Salt Marsh Deep Time Study Center acts as video installation/study center that has a small library, informational videos, live plants, pedagogical objects, and a working microscope.
Genia performing Earthling. Earthling is the Earth, a body, and a witness. As Earthling, Genia performs with pipestone, a sacred Dakota material that refers to the Dakota origin story in which the original peoples were killed in a flood, and pipestone is the remains of their bodies. Pipestone is considered sacred by the Dakota, and none of it can be wasted. During Genia's performance, she will utilize leftover pipestone fragments as chalk to draw on the gallery walls and floor.
“If there is a post-Anthropocene worth living in, those who live in it will need different stories, with no entity at the center of the stage.”

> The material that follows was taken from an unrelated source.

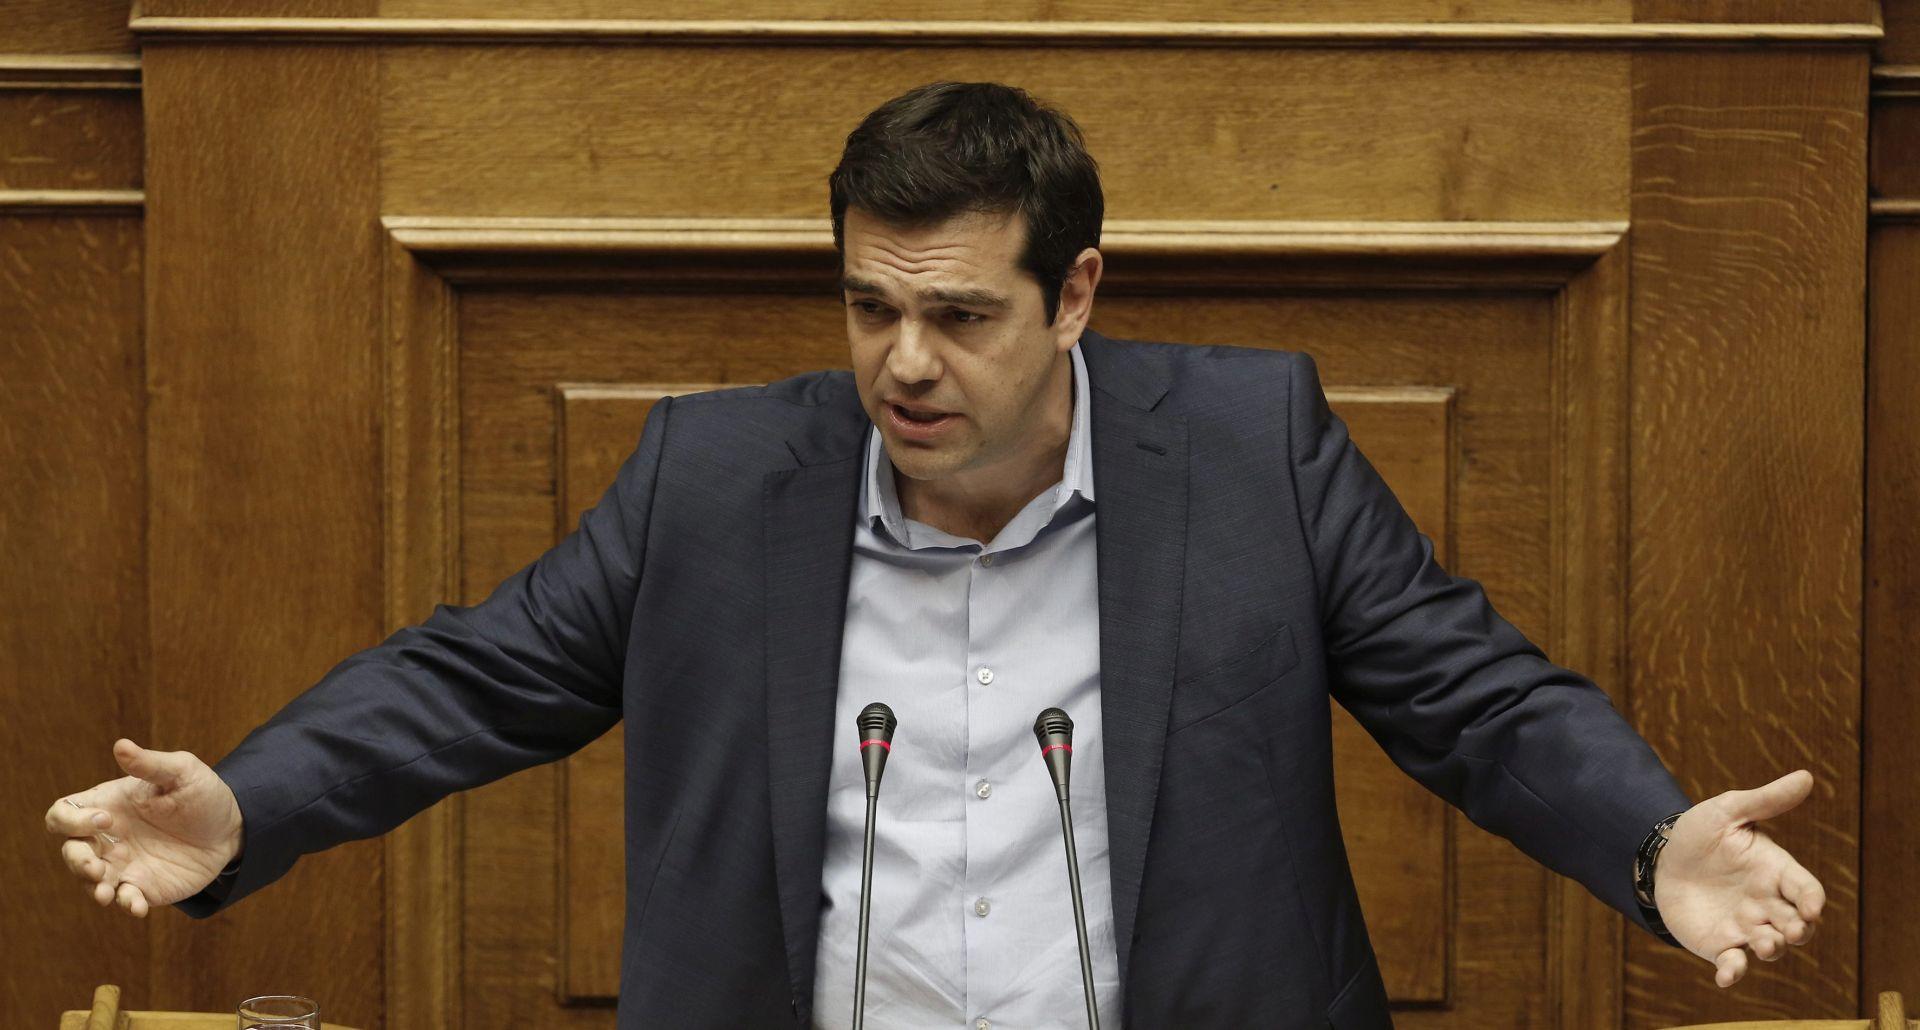 Grčka i vjerovnici dogovorili se da se mirovinska reforma primjenjuje od lipnja

This quote helps to understand that “posthuman” means us imagining a time when humans don’t look out just for ourselves and those like us, that we understand that we are all one entangled life here on planet earth and that the wellbeing of all humans as well as all species, the land, waters, and soils is equally important.
Collaborating artists Tanya Crane and Erin Genia bring specific expertise to these conversation about science, including what are the different questions we can be asking, and what does it mean to consider the subject of science as sacred?
Laboratory for Other Worlds is an immersive installation centered around a stop motion animation set. It uses an off-grid solar panel system alongside handmade and recycled materials to forge connections between green technology, science fiction, and the ecological imaginary.